── AVAILABLE DATA ──
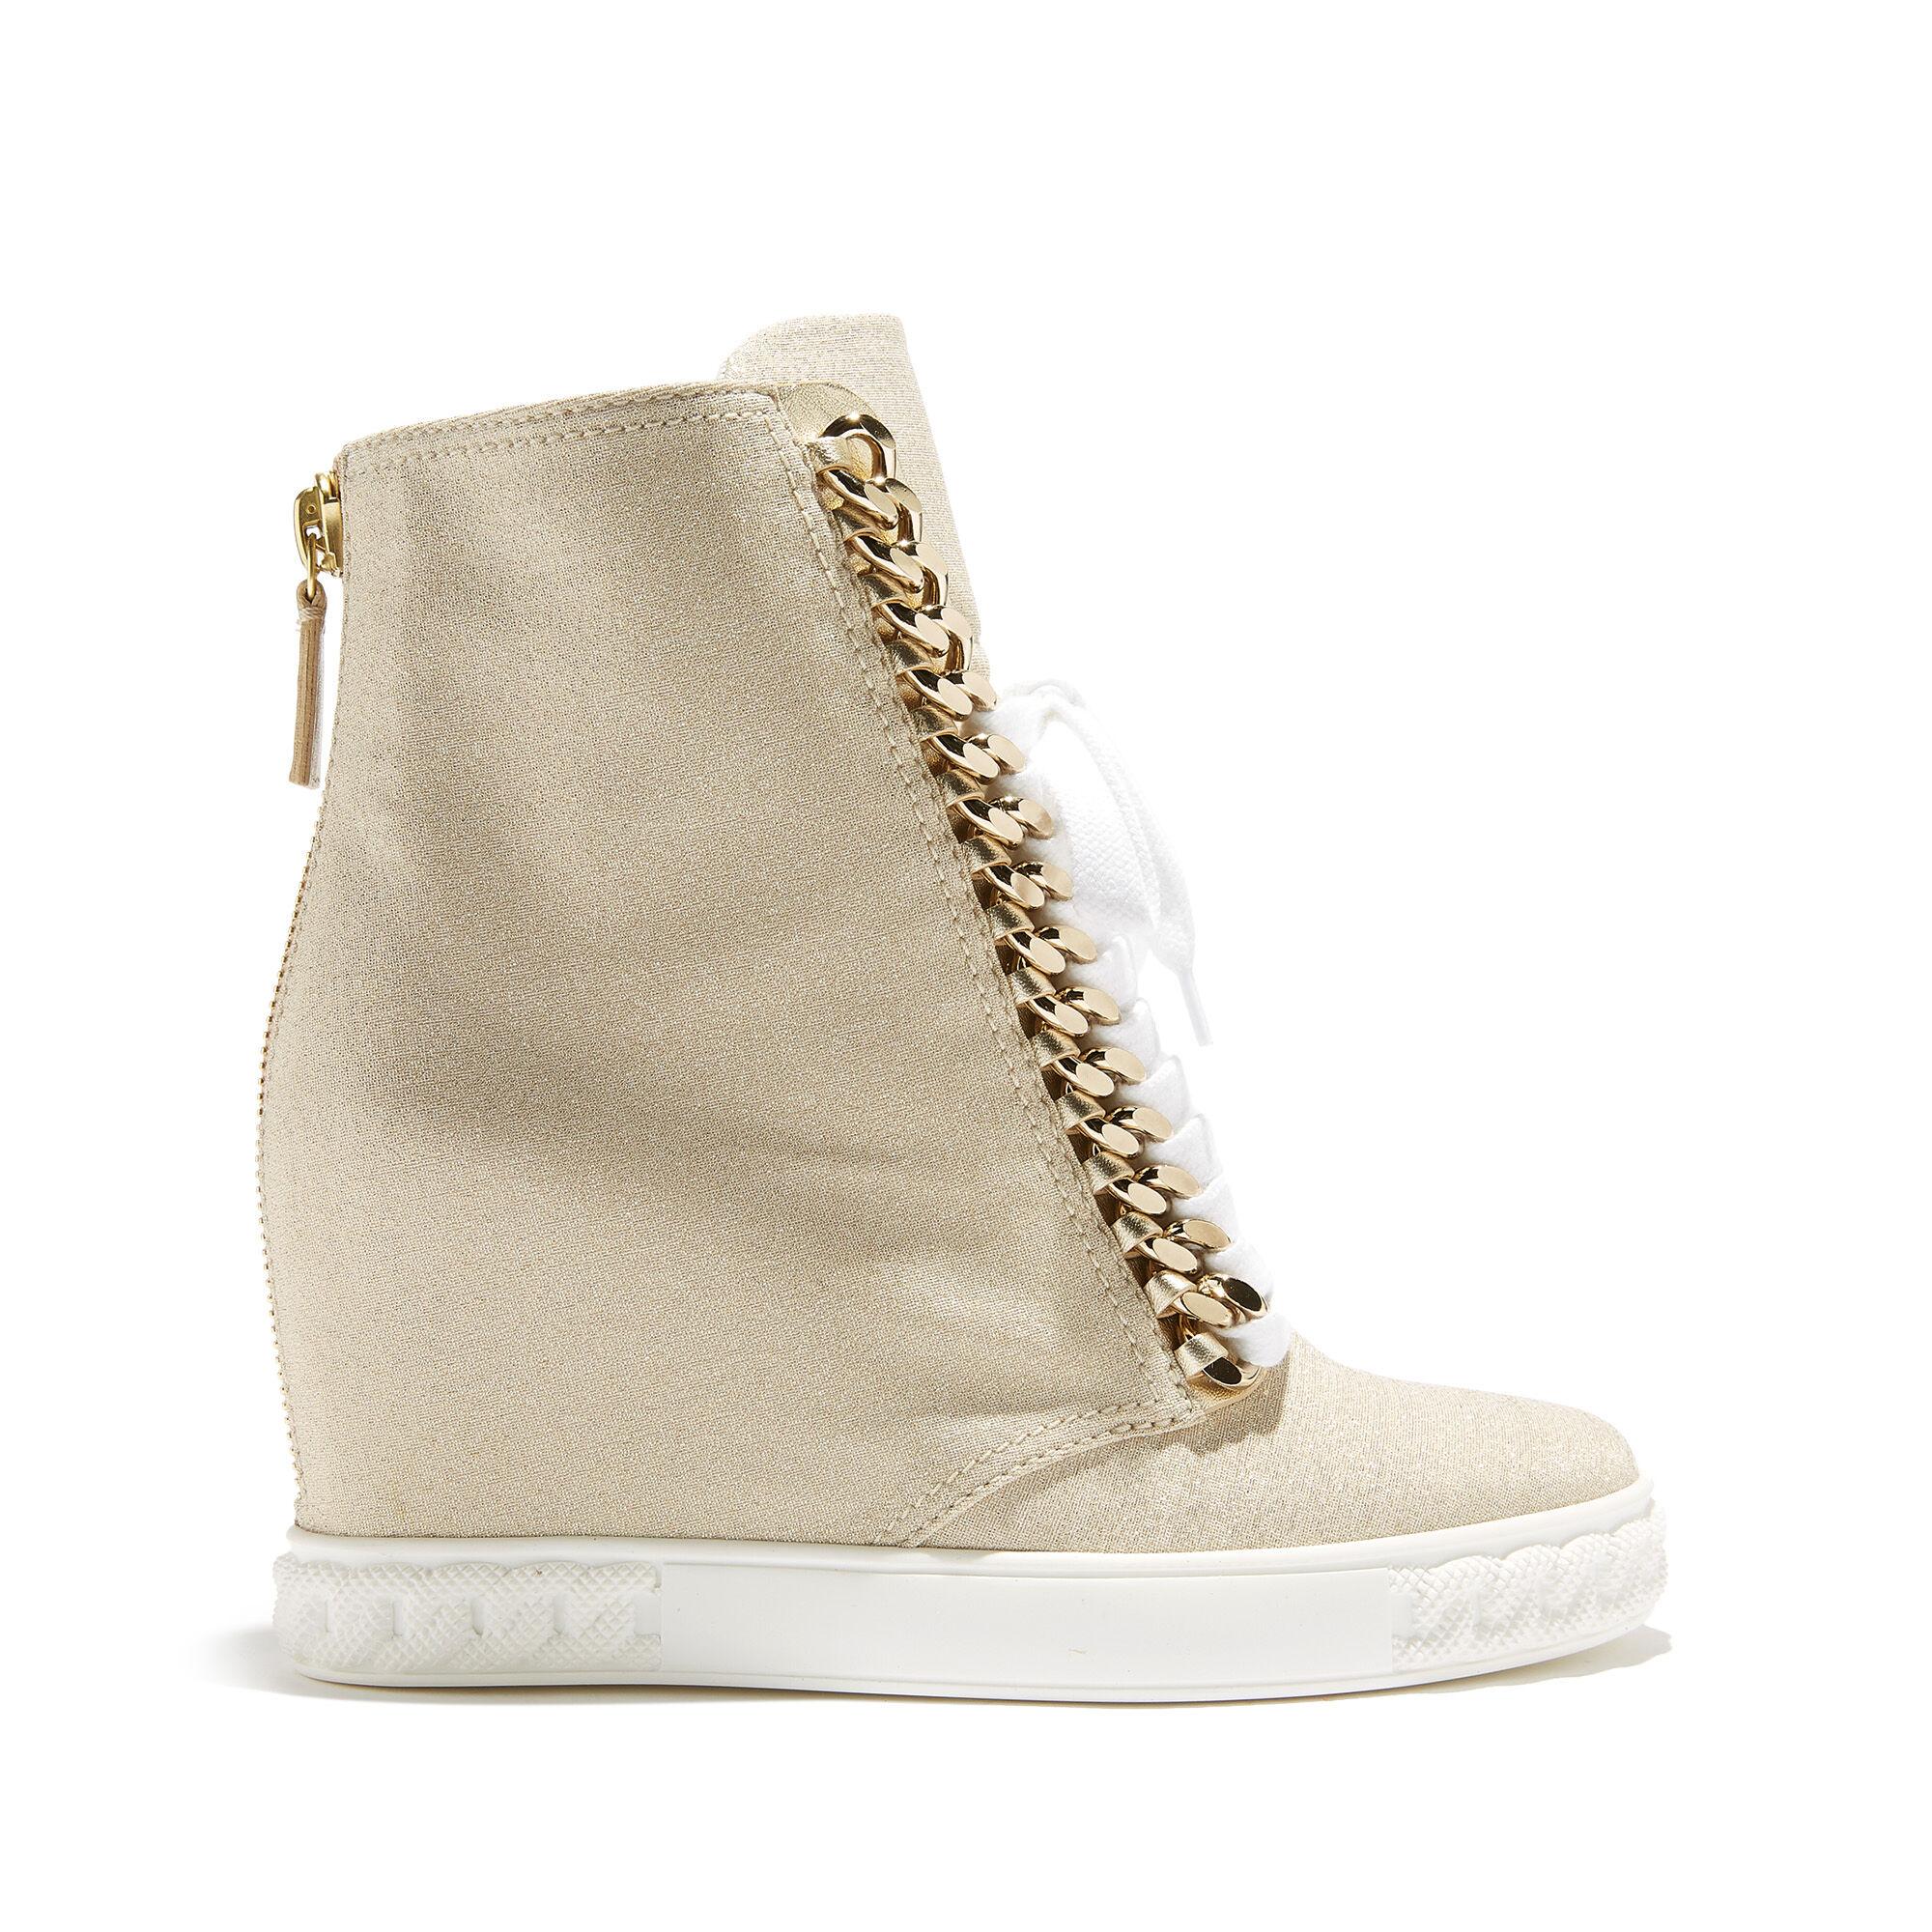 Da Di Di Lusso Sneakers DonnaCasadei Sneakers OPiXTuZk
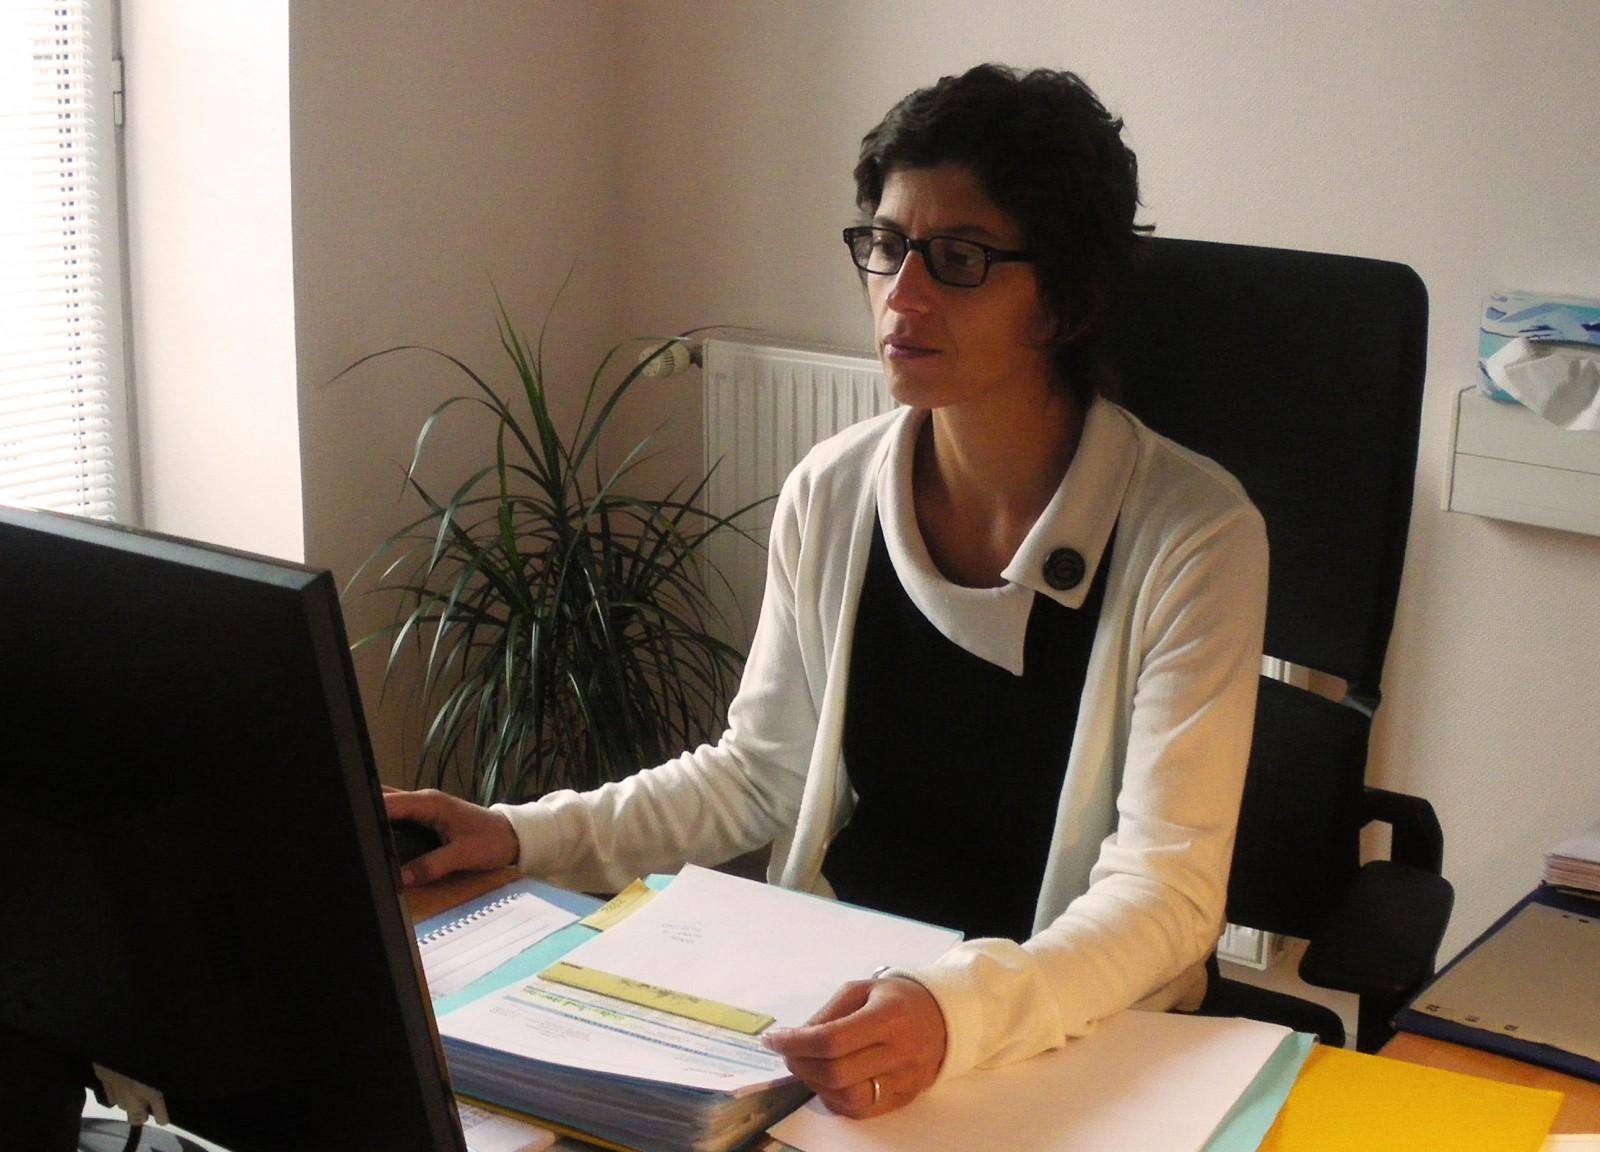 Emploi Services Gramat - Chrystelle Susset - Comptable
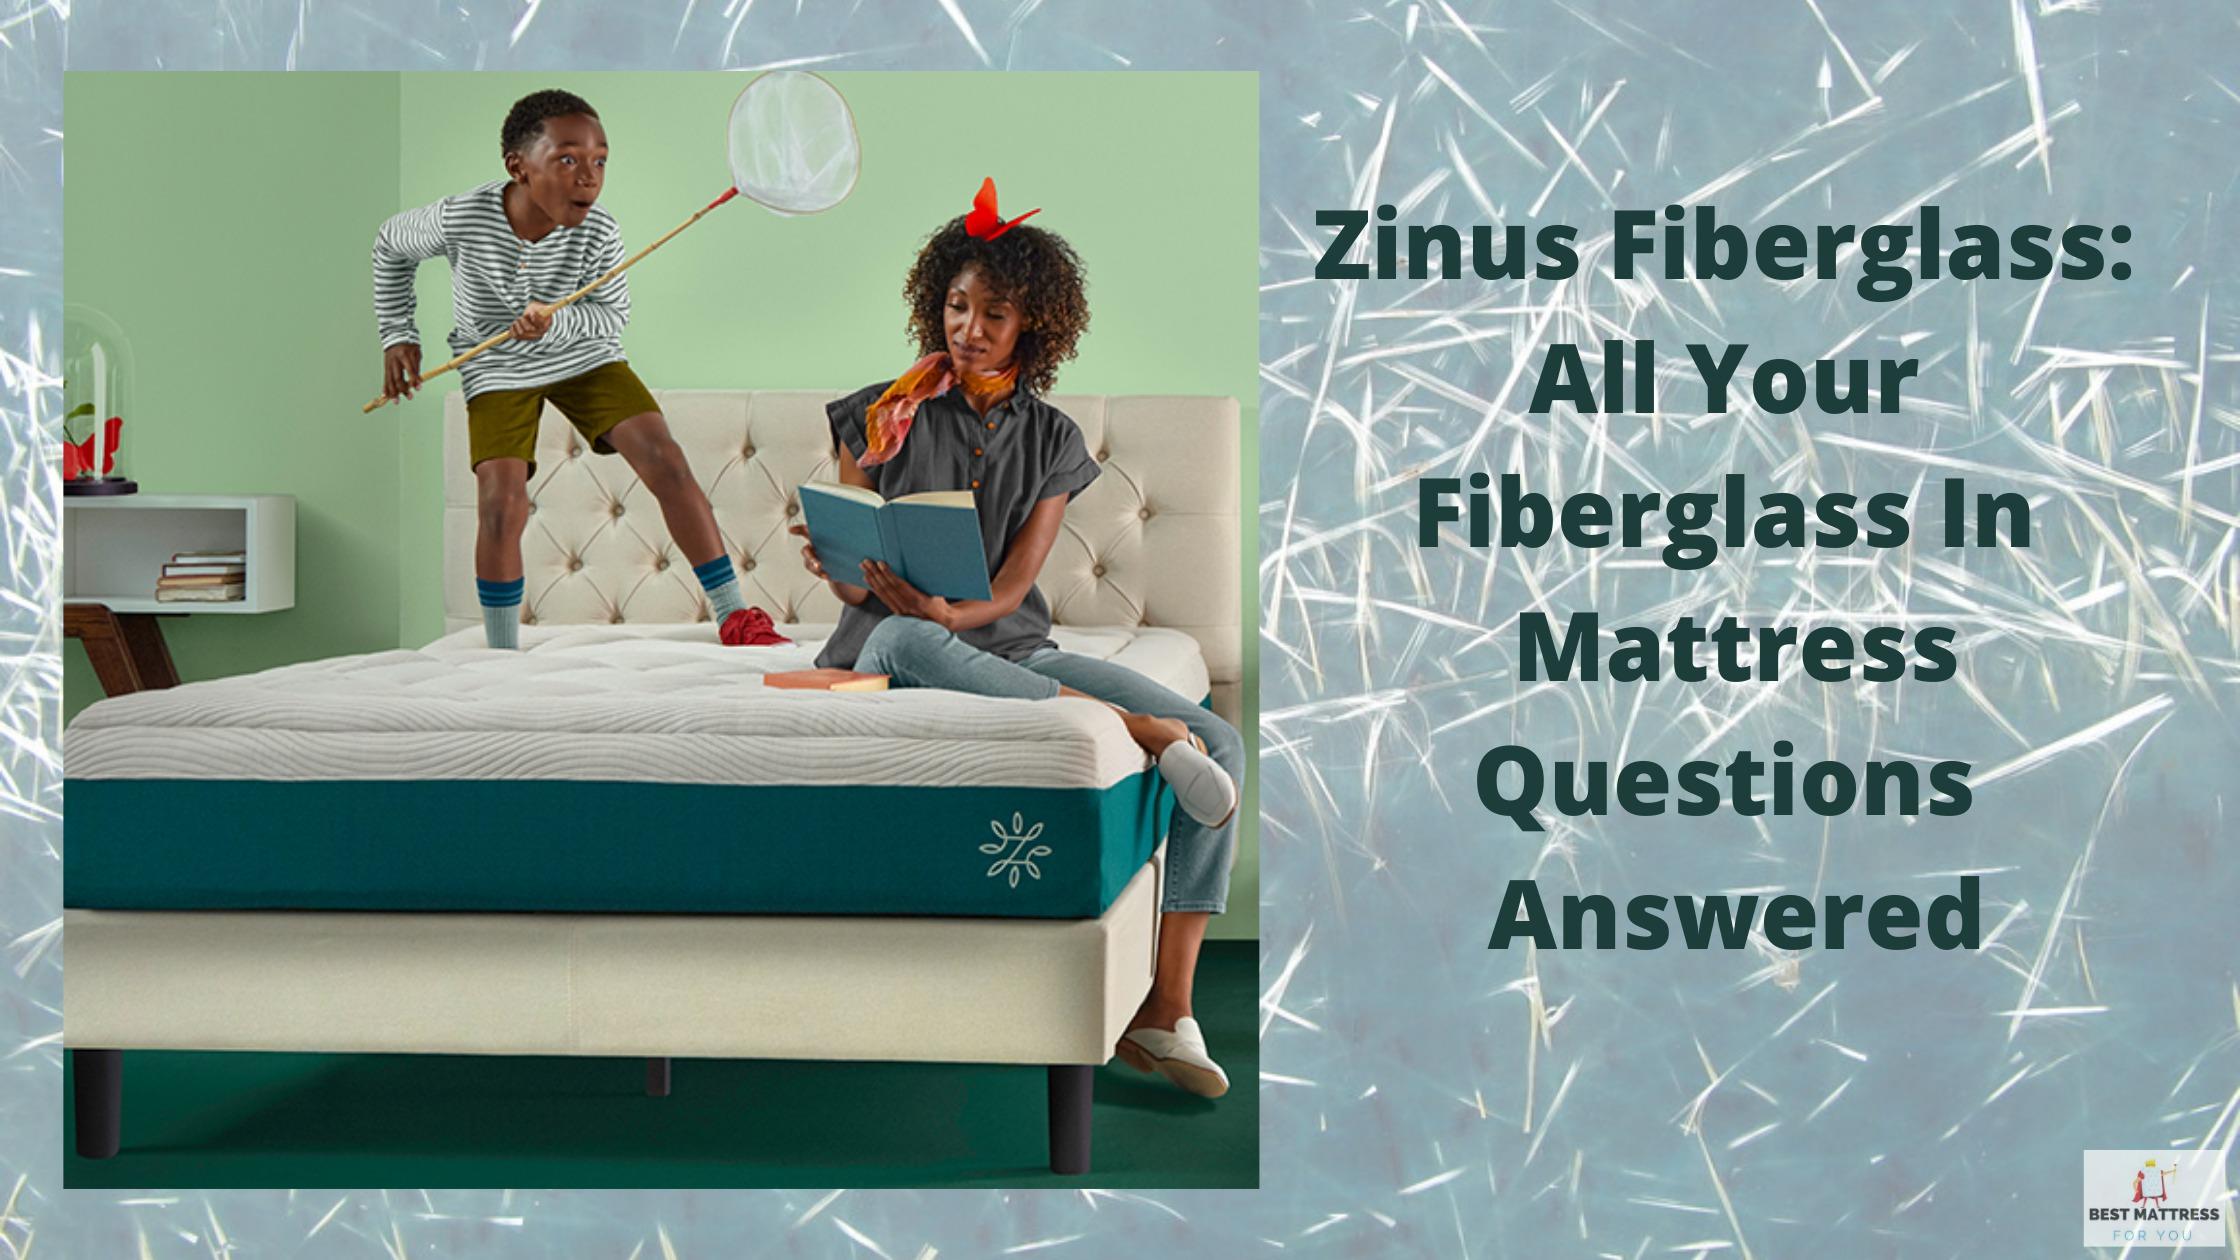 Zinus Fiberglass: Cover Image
───
## PROBLEM REQUIREMENTS
Leaving the pictures aside, repeat the data above exactly.

## YOUR RESPONSE
 Da Di Di Lusso Sneakers DonnaCasadei Sneakers OPiXTuZk
 Emploi Services Gramat - Chrystelle Susset - Comptable
 Zinus Fiberglass: Cover Image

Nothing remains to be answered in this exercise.